The modulation order, , for is equal to the sum of the vector elements in the Constellation points per circle parameters and is the total number of points in the signal constellation. The element values in the Constellation points per circle parameters must be a multiple of four, and must be a power of two.

APSK hard demodulation

The hard demodulation algorithm applies amplitude-phase decoding as described in [1].

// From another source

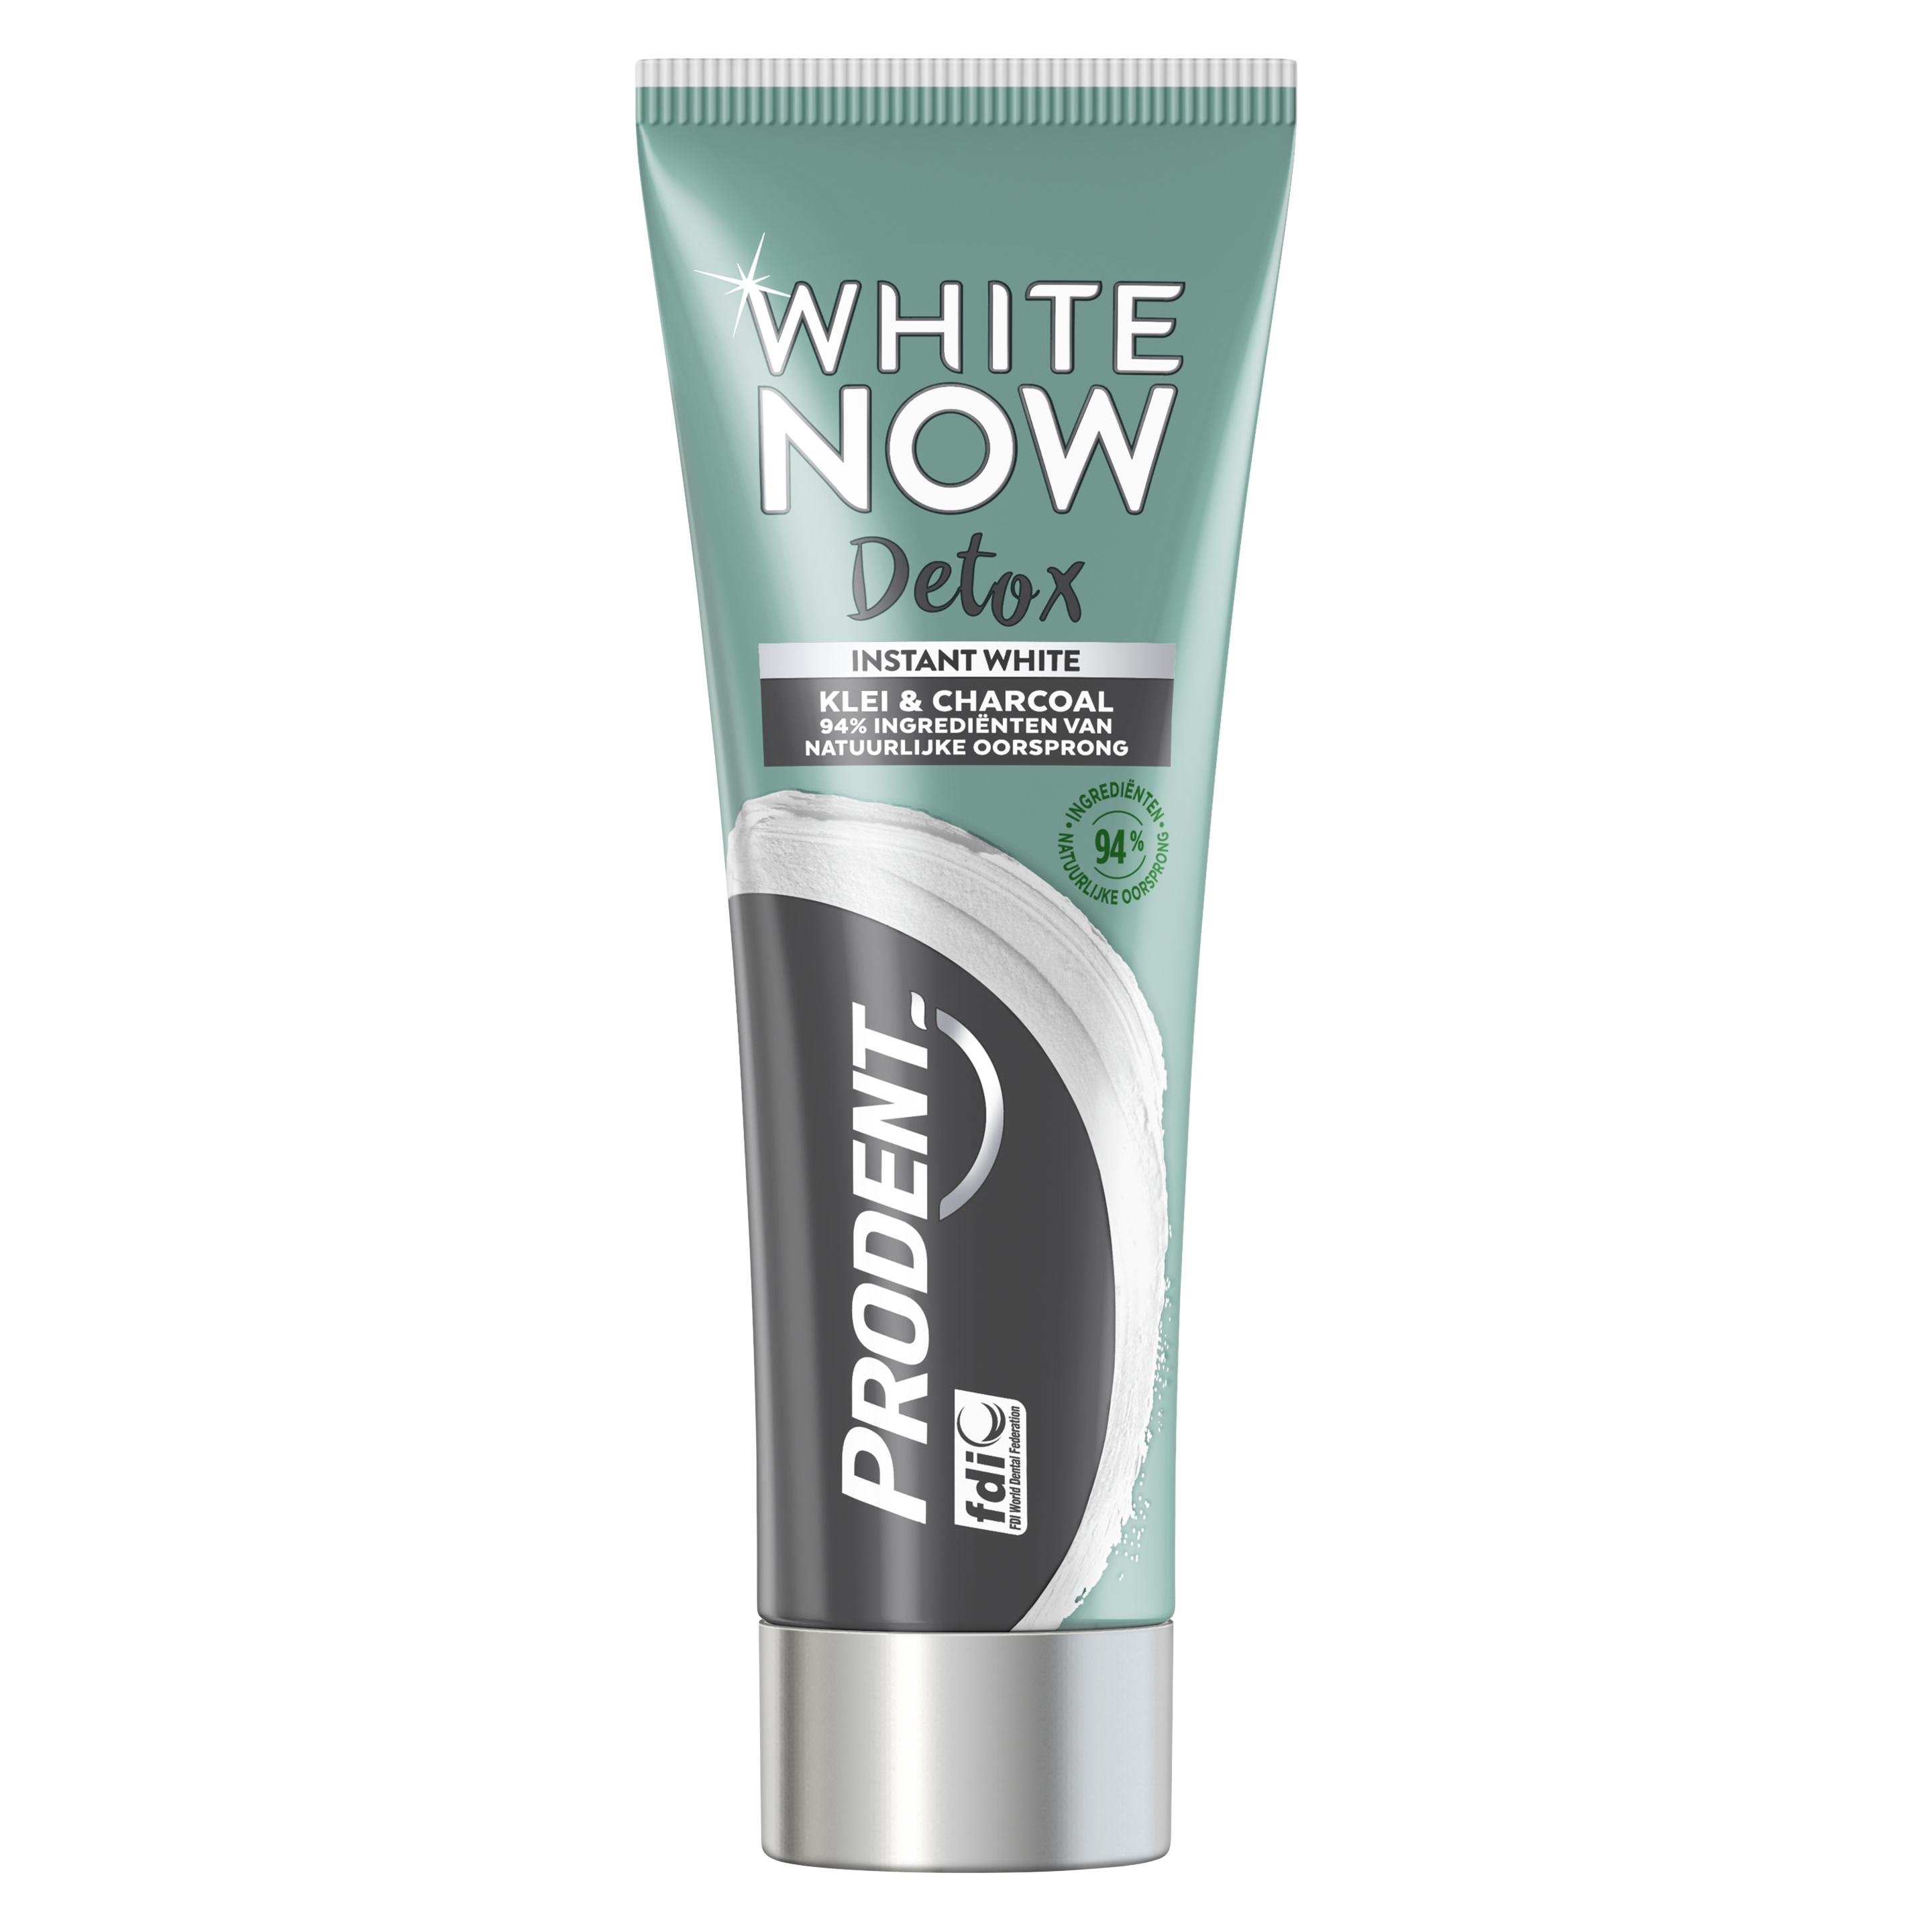 Prodent White Now Detox - Klei & Charcoal

m apsk demodulator baseband 2 en

* APSK demodulation software*

For software demodulation, there are two logarithmic likelihood ratio (LLR) algorithms with software solution: exact LLR and approximate LLR. The exact LLR algorithm is more accurate but has a slower execution speed than the approximate LLR algorithm.

The exact LLR algorithm computes exponents using finite precision arithmetic. For computations with very large positive or negative values, the exact LLR algorithm gives: Inf or -Inf if the noise variance is very large. NaN if the noise variance and signal power are very small. The approximate LLR algorithm does not compute exponents. You can avoid the results of Inf, -Inf and NaN by using the approximate LLR algorithm.

Literature

  1. Sebesta, J. "Efficient Method for APSK Demodulation." Selected Topics on Applied Mathematics, Circuits, Systems, and Signals (P. Pardalos, N. Mastorakis, V. Mladenov, and Z. Bojkovic, eds.). Vouliagmeni, Athens, Greece: WSEAS Press, 2009.

  2. Liu, Z., Q. Xie, K. Peng, and Z. Yang. "APSK Constellation with Gray Mapping." IEEE Communications Letters. Vol. 15, Number 12, December 2011, pp. 1271-1273.